爱可可AI前沿推介(7.1)

LG - 机器学习 CV - 计算机视觉 CL - 计算与语言 AS - 音频与语音 RO - 机器人

摘要：作为正则化器的Mixup可以出人意料地提高精度和分布外鲁棒性、物理机器人学习的世界模型、通过分支定界验证对抗鲁棒性的IBP正则化、视觉问答自监督视觉预训练探索、通过纯文本和半监督训练提高推敲能力、3D感知视频生成、步行系统地形感知运动优化、概念抽象基准理解评估、面向文档检索的神经语料库索引器

1、[LG] RegMixup: Mixup as a Regularizer Can Surprisingly Improve Accuracy and Out Distribution Robustness

F Pinto, H Yang, S Lim, P H.S. Torr, P K. Dokania

[University of Oxford & Meta AI]

RegMixup：作为正则化器的Mixup可以出人意料地提高精度和分布外鲁棒性。本文表明，如果不把Mixup作为唯一的学习目标，而把它作为标准交叉熵损失的额外正则化器使用，那么著名的Mixup的有效性可以进一步提高。这个简单的改变不仅提供了更高的精度，而且在各种形式的协变量迁移和分布外检测实验下，Mixup的预测不确定性估计的质量也得到了明显的改善。Mixup在检测分布外样本方面的性能大大降低，这可能是由于它倾向于学习自始至终表现出高熵的模型；使得它难以区分分布内样本和分布外样本。为了证明所提出方法(RegMixup)的功效，对视觉数据集(ImageNet和CIFAR-10/100)进行了全面的分析和实验，并将其与最近的一套可靠的不确定性估计方法进行了比较。

We show that the effectiveness of the well celebrated Mixup [Zhang et al., 2018] can be further improved if instead of using it as the sole learning objective, it is utilized as an additional regularizer to the standard cross-entropy loss. This simple change not only provides much improved accuracy but also significantly improves the quality of the predictive uncertainty estimation of Mixup in most cases under various forms of covariate shifts and out-of-distribution detection experiments. In fact, we observe that Mixup yields much degraded performance on detecting out-of-distribution samples possibly, as we show empirically, because of its tendency to learn models that exhibit high-entropy throughout; making it difficult to differentiate in-distribution samples from out-distribution ones. To show the efficacy of our approach (RegMixup2), we provide thorough analyses and experiments on vision datasets (ImageNet & CIFAR-10/100) and compare it with a suite of recent approaches for reliable uncertainty estimation.

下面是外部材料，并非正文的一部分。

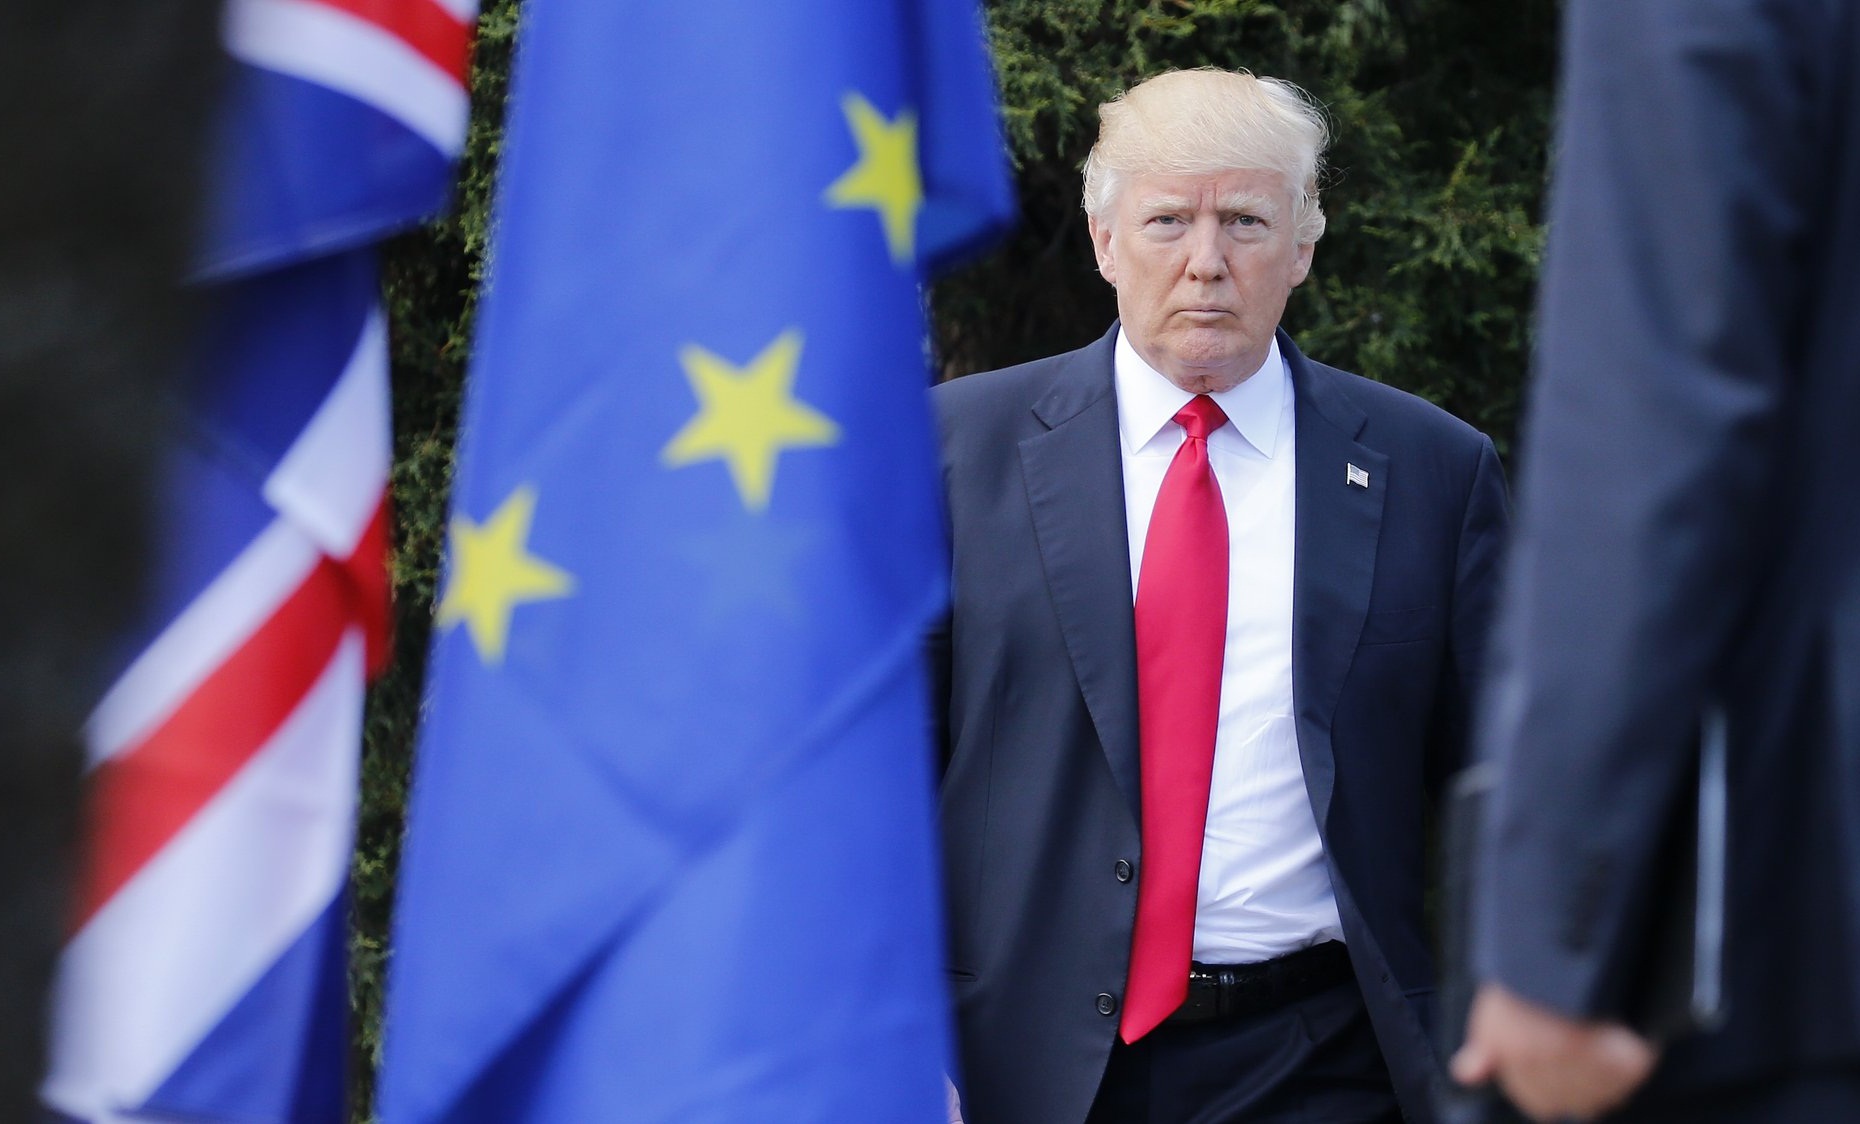 اروپا؛ در مسیر تقابل یا تعامل با آمریکا؟/ اروپا نسبت به عملکرد آمریکا نگران است؟

https://arxiv.org/abs/2206.14502

2、[RO] DayDreamer: World Models for Physical Robot Learning

P Wu, A Escontrela, D Hafner, K Goldberg, P Abbeel

[UC Berkeley]

DayDreamer: 物理机器人学习的世界模型。为解决复杂环境中的任务，机器人需要从经验中学习。深度强化学习是一种常见的机器人学习方法，但需要从大量的试错中学习，限制了其在物理世界的部署。因此，机器人学习方面的许多进展都依赖于模拟器。另一方面，在模拟器内的学习不能捕捉到真实世界的复杂性，容易出现模拟器不准确的情况，而且所产生的行为不能适应世界的变化。最近，Dreamer算法通过在学习的世界模型内进行规划，显示出从少量互动中学习的巨大前景，在视频游戏中的表现优于纯粹的强化学习。通过学习世界模型来预测潜在行动的结果，可以在想象中进行规划，减少在真实环境中所需要的试错的数量。然而，Dreamer是否能促进物理机器人的快速学习还不得而知。本文将Dreamer应用于4个机器人，在没有任何模拟器的情况下，直接在现实世界中在线学习。Dreamer只用了1个小时就训练了一个四足机器人从头开始翻滚、站立和行走，而且没有复位。推动机器人，发现Dreamer在10分钟内就能适应，以承受扰动或快速翻身和站起来。在两个不同的机器人手臂上，Dreamer学会了直接从摄像头图像和稀疏的奖励中挑选和放置多个物体，接近人类的表现。在一个有轮子的机器人上，Dreamer学会了纯粹从摄像机图像中导航到目标位置，自动解决了关于机器人方向的模糊性。在所有实验中使用相同的超参数，发现Dreamer能在现实世界中进行在线学习，这就建立了一个强大的基线。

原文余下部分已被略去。